Santa walked into a bar one evening, sat down and said, "Bar man, give me 1 bottle of beer, and give everybody here 2 bottles. As I am drinking, let them be drinking."
The bar man obeyed. Everybody hailed Santa.
As they were all drinking, Santa said, "Bar man, give me 1 bowl of chicken soup, and give everybody here 2 bowls of chicken soup each, as I am eating, let them be eating."
The bar man obeyed. Everybody praised Santa.
Minutes later, Santa said, "Bar man, bring me my bill, and bring everybody their bill, as I am paying, let them be paying."
Santa: I am in big trouble!
Banta: What happened?
Santa: I saw a rat in my house!
Banta: Oh, well, all you need to do is use a trap.
Santa: I don't have one.
Banta: Well then, buy one.
Santa: I can't afford one.
Banta: I can give you mine if you want.
Santa: That sounds good.
Banta: All you need to do is just use some cheese in order to make the rat come to the trap.

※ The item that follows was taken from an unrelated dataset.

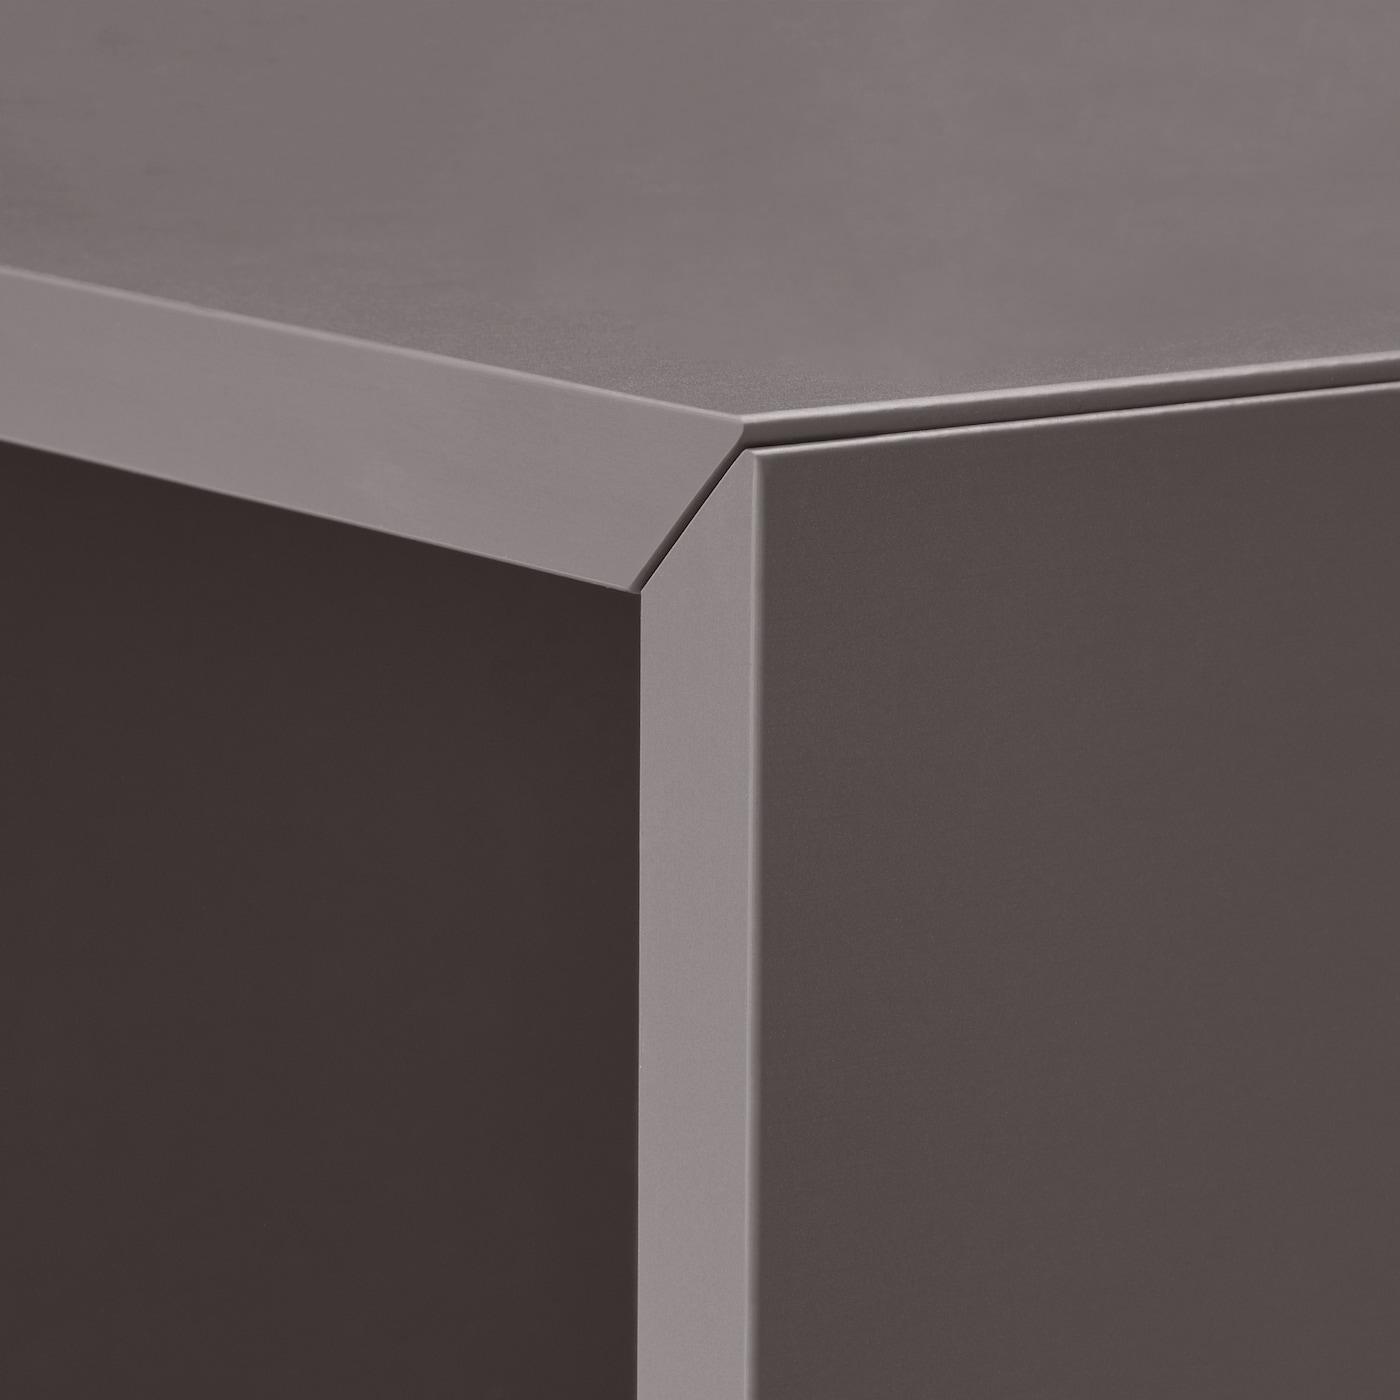 """EKET Storage combination with feet, dark gray, 27 1/2x9 7/8x28 3/8 """""""

Santa: I don't have any cheese.
Banta: Okay then, take a piece of bread and put a bit of oil in it and put it in the trap.
Santa: I don't have oil.
Banta: Well, then put only a small piece of bread.
Santa: I don't have bread.
Banta: Then what the hell is the rat doing in your house?
Pappu: Papa Aunty ka pet itna kyun foola hua hai ?
Santa: I know ki, tu sab Jan ta hai, badmaash.
Pappu: Nahin papa, I don't know.
Santa: Chal, Chal, jhooth mat bol.
Pappu: Trust me dad, pease batao na, please, please, please...
Santa: Wo, yaar... aunty ke pet mein paani bhara hua hai.
Pappu: Oh!... Achcha!!! Phir toh bachcha doob jayega...
A busload of American tourists were heading towards Punjab on G.T. Road when suddenly the driver slammed on the brakes. Lying on the road in front was Santa with his ear to the ground. Passengers trooped out of the bus and crowded around him.
"Hey, what are you doing down there pal?" asked one of the tourists.
Santa slowly raised his head and replied, "Green Matador 25 km away travelling at 80 km."
"Wow," exclaimed the tourist, "You can tell us that by listening to the road?"
"No," croaked Santa, "I fell off the damned thing."
Banta, an eager young man entered his prospective boss's office for an interview.
"One thing our company is very particular about is cleanliness. I hope you wiped your shoe on the door mat while coming in?" said the boss.
"Yes sir," Banta replied promptly.
The boss continued, "One more thing we're very particular about is honesty. There is no door mat outside!"